Project Summary

Our project is called Golem Globe, which is a modified implementation of Wumpus World in Minecraft. The goal of our project is to create a Minecraft AI agent that can navigate through a maze containing pits and monsters to find the treasure/gold then go back to the start position.

Approach

We begin by trainning our agent on a static map. The agent learns through the use of a tabular q-table which rewards the agent for successful traversals and penalizes the agent for failing to traverse the map. During a traversal, the agent stores in memory all previous observations it made and associates them with a respective reward. When the agent is done traversing (either by finding the gold, or dying) it maps all the previous actions it made to the total rewards received. We created our agent to prioritize the long-term reward, and added some randomness so that it would encounter more scenarios.

By running the agent on the same map and recording the results of previous attempts, the agent begins to associate the observations it made with the reward it was given, and thus learns which actions to undertake to maximize the reward.

Evaluation

To evaluate the performance of our agent we are using a combination of qualitive and quantitative metrics.

Quantitative:

The primary quantitative metrics we will use is the cummulative reward received and the sucess rate. The cummulative reward is calculated by simply summing up the agents rewards from all action it took, while the success rate is the ratio of succeesful traversal to total attempts made. If our agent recieves on average a higher cummulative reward, and achieve a greater success rate we consider that a successful implementation.
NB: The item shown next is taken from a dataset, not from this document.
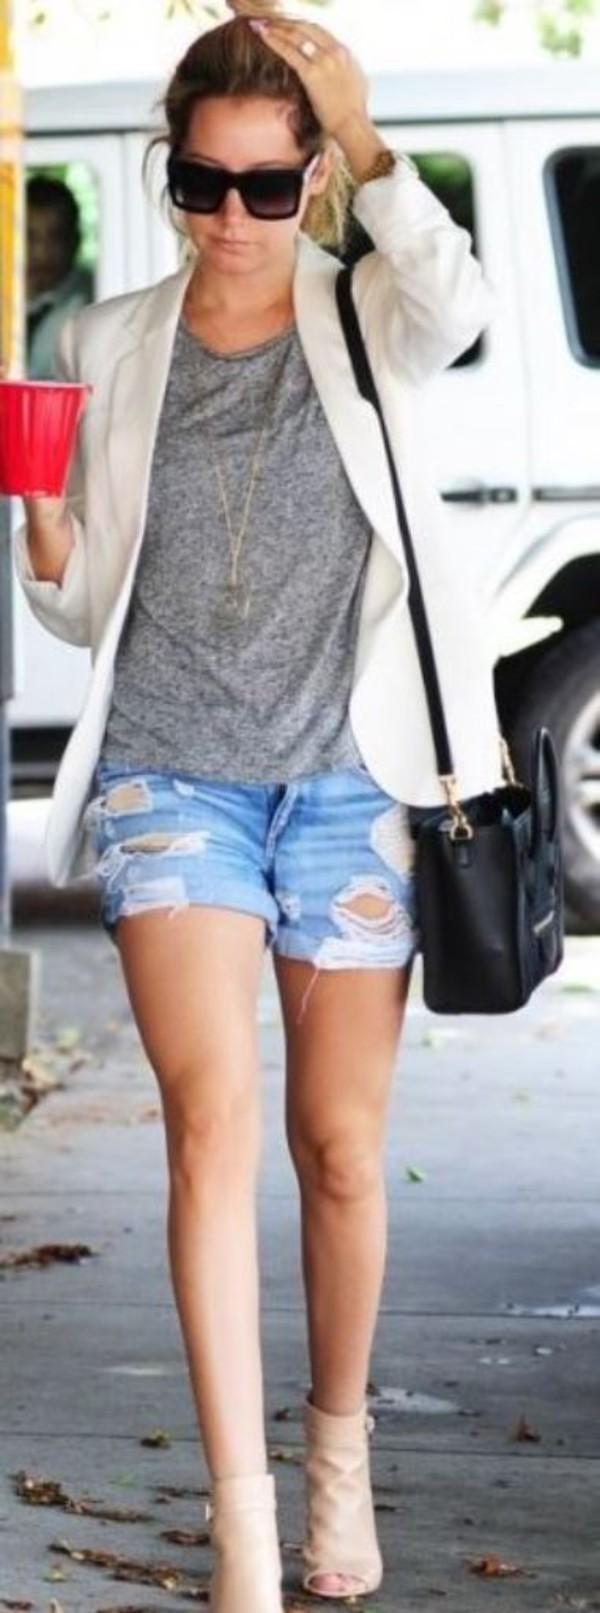 shorts ashley tisdale shoes

As an example here are our results both for training and validation:

Pre-Training Quantitative Results

As you can see here the agent continuously failed to complete his missions.

Test# Result Reward Steps
Test 1 Fail -1016 16
Test 2 Fail -1054 54
Test 3 Fail -1115 115
Test 4 Fail -1010 10
Test 5 Fail -1036 36
Average 0% -1046.2 46.2

Post-Training Quantitative Results

These results show that after a large number of training sessions the agent is not only able to complete its missions but is also able to find the shortest paths to the gold.

Test# Result Reward Steps
Test 1 Success 989 11
Test 2 Success 987 13
Test 3 Success 985 15
Test 4 Success 981 19
Test 5 Success 981 19
Average 100% 984.6 15.4

Qualitative:

To verify that the project works we will begin the AI on a controlled map that will not change (traning data). If the AI succeeds they will move on to randomized maps for testing and learning. Qualitatively, we will consider the difficulty of hte maps our agent can successfuly traverse, and how easily it can adapt to new maps.

Our moonshot case is to create an agent that stops dying and is always able to retrieve the gold for every map.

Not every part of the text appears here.